Sent from my iPhone using Survival Forum. Please forgive typos.


----------



## millertimedoneright (May 13, 2013)

Dang these are crazy. My plans include a tiny home after the kids move out but no where near this small. Even with storage sheds, barn, and a workshop I couldn't imagine living so closed in as this. 


Sent from my iPhone using Survival Forum


----------



## Moose33 (Jan 1, 2011)

I once lived, quite comfortably, in a 500 square foot apartment. My current residence is about 1,300 which is really more than I "need". I think 700-800 would be just perfect. If I had a family that number would need to at least double to be comfortable though.

200-300 is really pushing the edge of my comfort envelope even with creative storage solutions.


----------



## millertimedoneright (May 13, 2013)

1200 would be my version of "tiny". I currently live in a 3200 sq feet two story that I bought from the builder. It has entirely too much space for me but for the price I couldn't pass it up. Ideal for me with a wife and two kids would be 1600-1800 sq ft. After the kids move out I plan to build a well insulated home on a slab in the neighborhood of 1200-1600 sq ft.


Sent from my iPhone using Survival Forum


----------



## tsrwivey (Dec 31, 2010)

We're going to build a tiny cabin on top of a trailer that came with the 2.5 ton truck. We'll be getting all of our ideas from these tiny houses. I think they are so cute but there's no way I could live in one.


----------



## weedygarden (Apr 27, 2011)

*If you stream Netflix*

There is a movie called "Tiny: A Story About Living Small" that is 1 hour and 1 minute long. It shows a young man building a tiny house outside of Boulder, Colorado. He and his girlfriend actually made the movie.

At different parts throughout the movie, people are interviewed who have built and live in their own tiny houses. Their homes are also shown in the movie.

The woman I mentioned previously who is ill, has congestive heart failure and is interviewed in the movie. Her house really feels confining to me. It is 84 square feet, which is smaller than any room in my house, except my powder room.

It is good to see the different styles of decoration and how people live. You would certainly not be able to raise a very large family in one, although my daughter helped build a house for a family in Honduras that was 12 feet by 12 feet. I think that family had 4 children.

We do live in a time and culture which values bigger homes and more space.

My daughter has been telling me that she is aware that her generation will be the first to think smaller home, if they will be able to do that. The economy is making home buying and ownership more difficult, and a tiny house might be as good as many young people or retiring people will be able to do.


----------



## cnsper (Sep 20, 2012)

Heck I lived in a 100 square foot cabin for 2 years before getting my camper... 34 feet long woohoo..... If I wanted more room, I just went out side. I had a bed, wood stove, desk and shelving. I still had room to make more shelves up off the floor. No water or electricity and guess what? I survived!

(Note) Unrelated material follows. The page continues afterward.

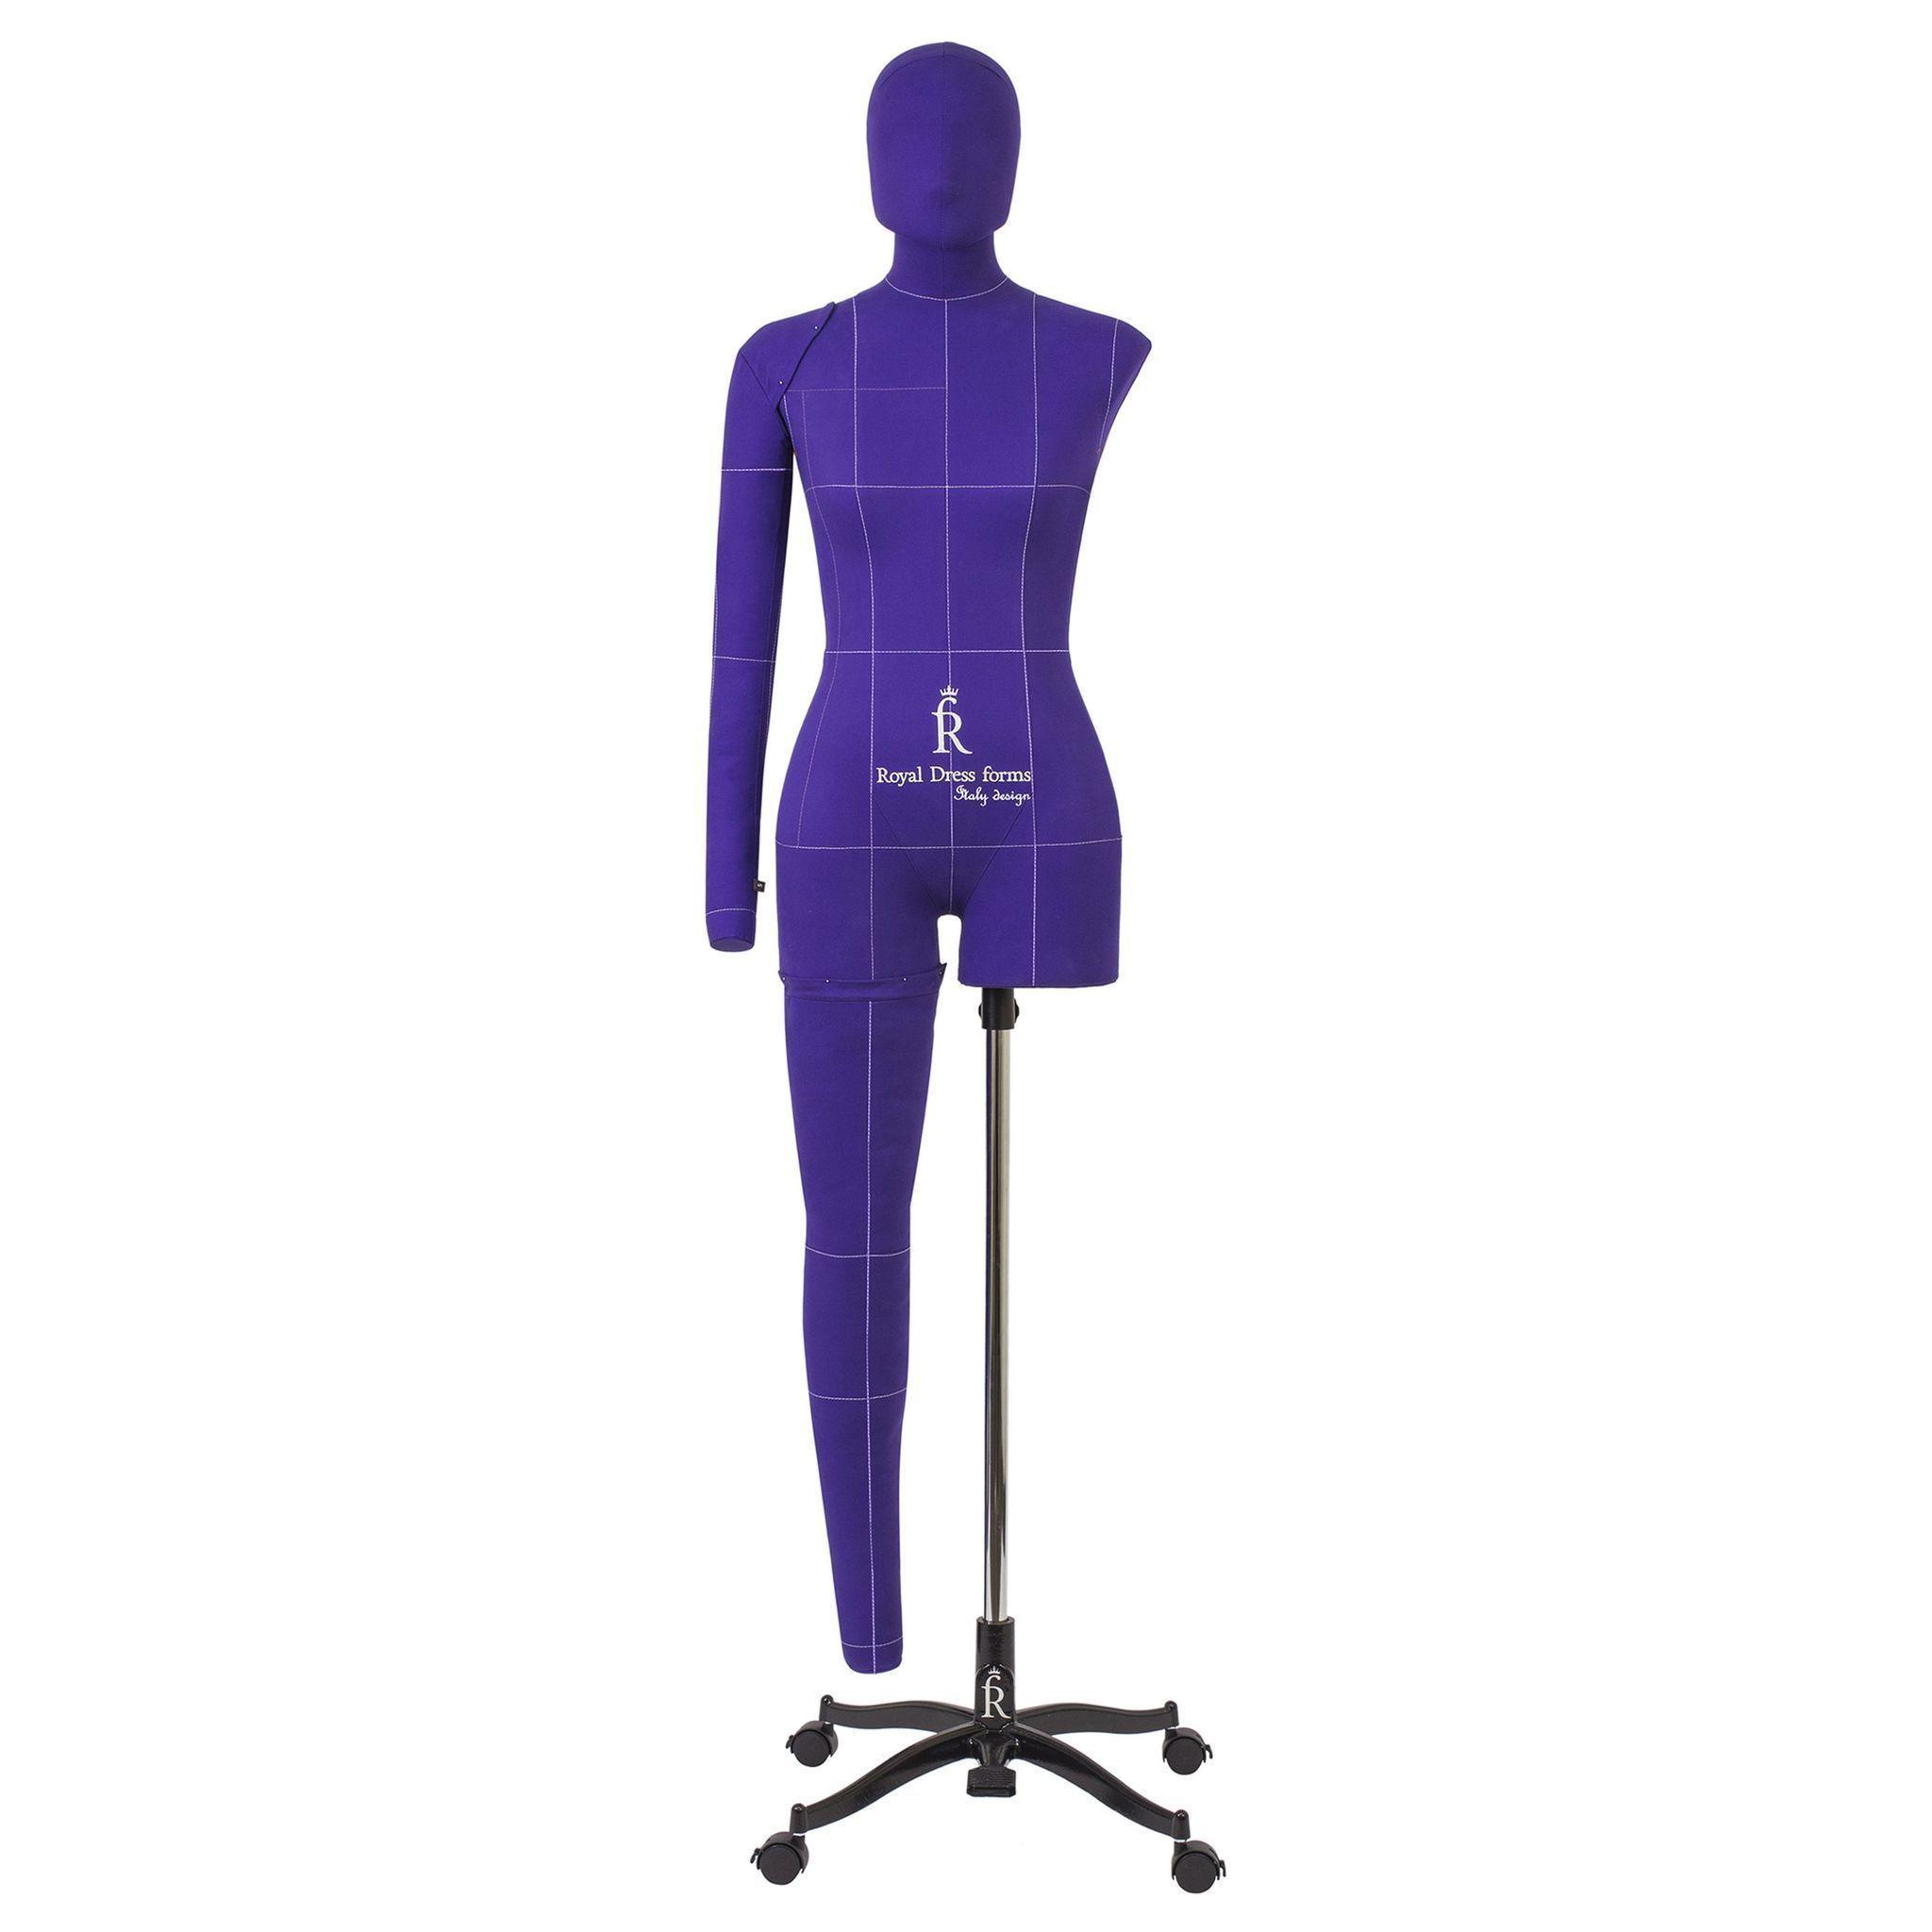 Манекен портновский Моника, комплект Арт, размер 54, ФиолетовыйФото 3
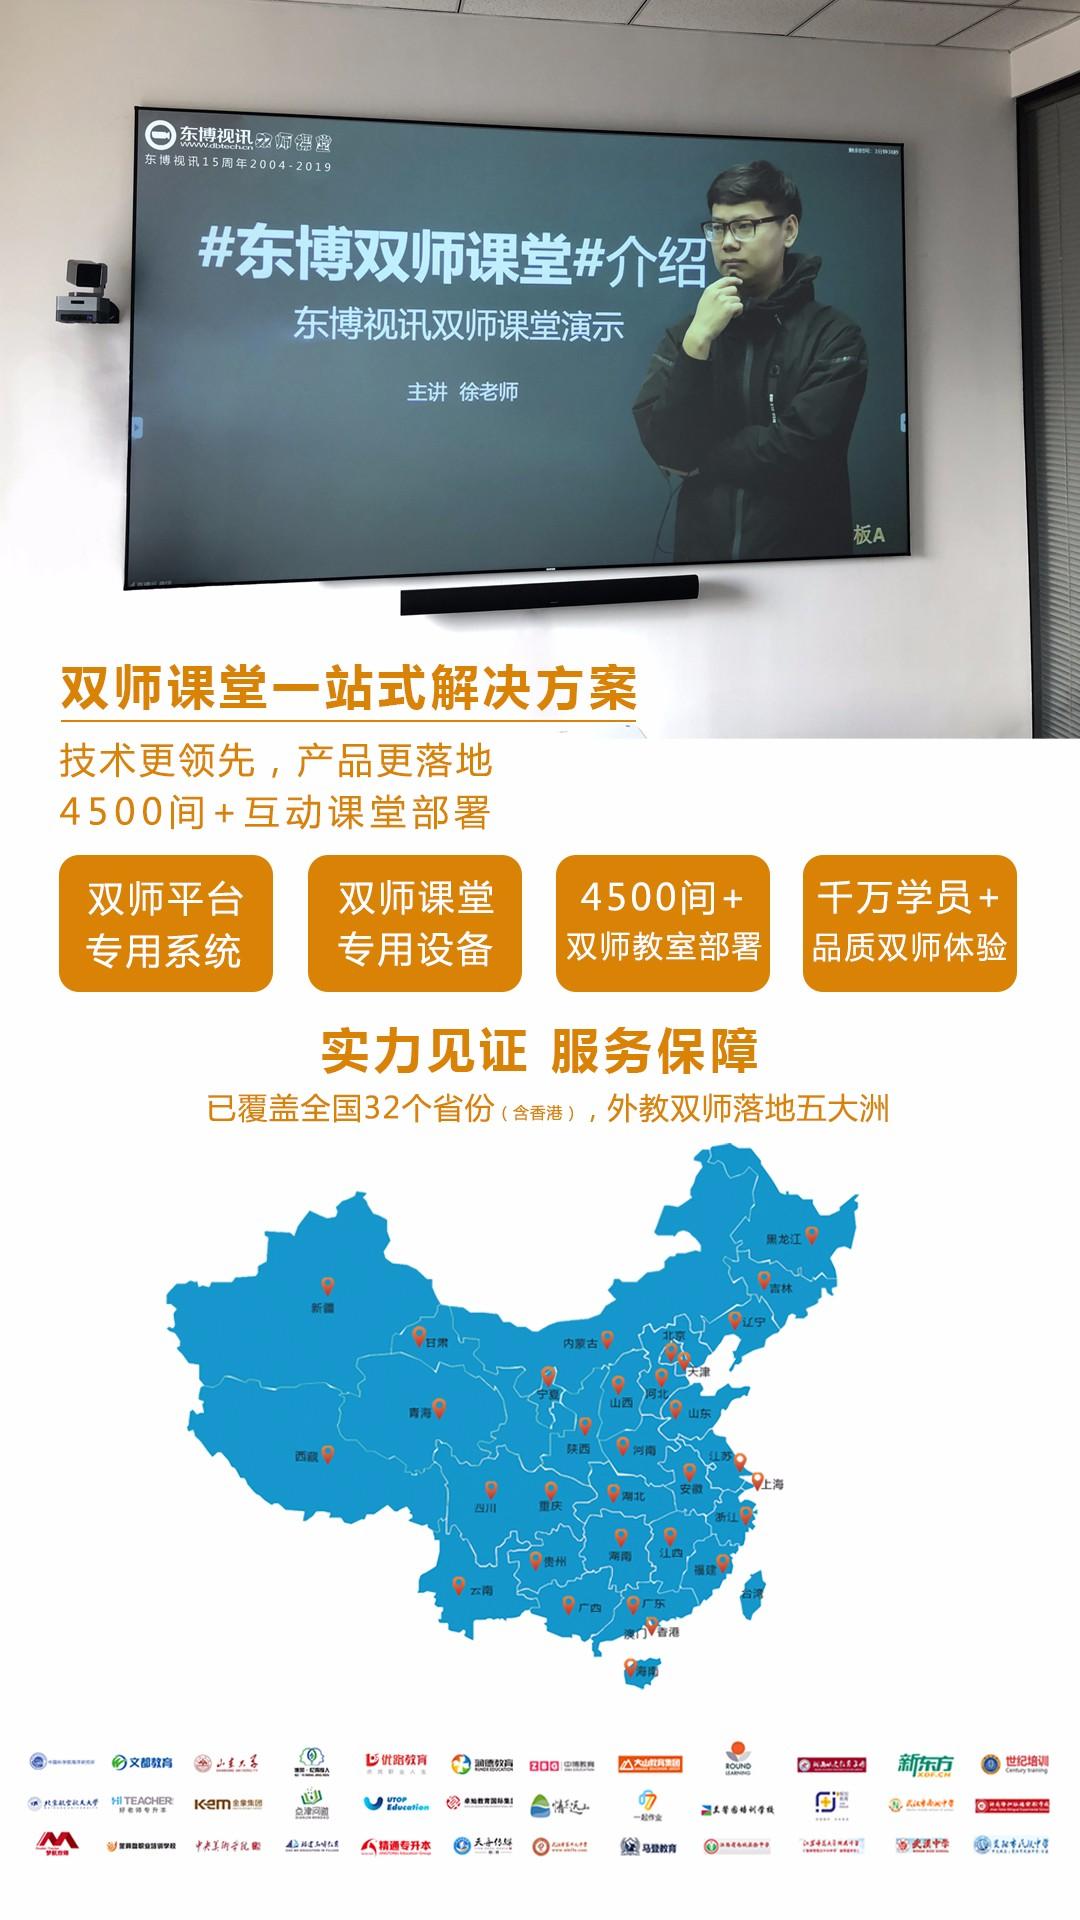 kok软件app下载kok娱乐图片双师课堂.jpg

I am spoiled now. Think of the families that lived in one room cabins.(bigger than mine).

The good thing about building small is the lack of required heat. I had one of those white porcelain trash burners that is about 16" wide 30" deep and 42" tall and I would fill it about 8 pm and again before I went to bed and sometimes I had to open the window because it was soooooooo hot. Just think, a couple of branches keep you warm all night. Not big chunks, they would not fit in the stove. Another way to keep a small place warm is to lower the ceiling. I dropped mine to 6.5 feet because heck I am only 5'8".


----------



## notyermomma (Feb 11, 2014)

Our culture has been deeply conditioned toward the "more is better" philosophy for decades. But it really isn't true.

What do we actually need? Food clothing, shelter, physical security, and ultimately a means to self-actualize. Housing addresses every one of those needs, from the physiological, to the social, to the actualization as we have the space to explore and shoot for our dreams.

Along with many other things, I'm grateful to my travels for giving me an essential perspective on "wants" as opposed to "needs." I have a sense of gratitude for having those lower-level needs met; in the industrialized world our infrastructure makes that a _lot_ easier. And that perspective and sense of gratitude makes me want less. Anything more than a little 2 or 3 bedroom cottage would be a burden to me because I'd have to clean it, heat it, furnish it, and pay taxes on it. Not everyone else would feel that way (I have no kids for one thing,) but it's liberating to know where I stand. I think we should all ask ourselves these questions honestly and fearlessly.


----------



## backlash (Nov 11, 2008)

weedygarden said:


> There is a movie called "Tiny: A Story About Living Small" that is 1 hour and 1 minute long. It shows a young man building a tiny house outside of Boulder, Colorado. He and his girlfriend actually made the movie.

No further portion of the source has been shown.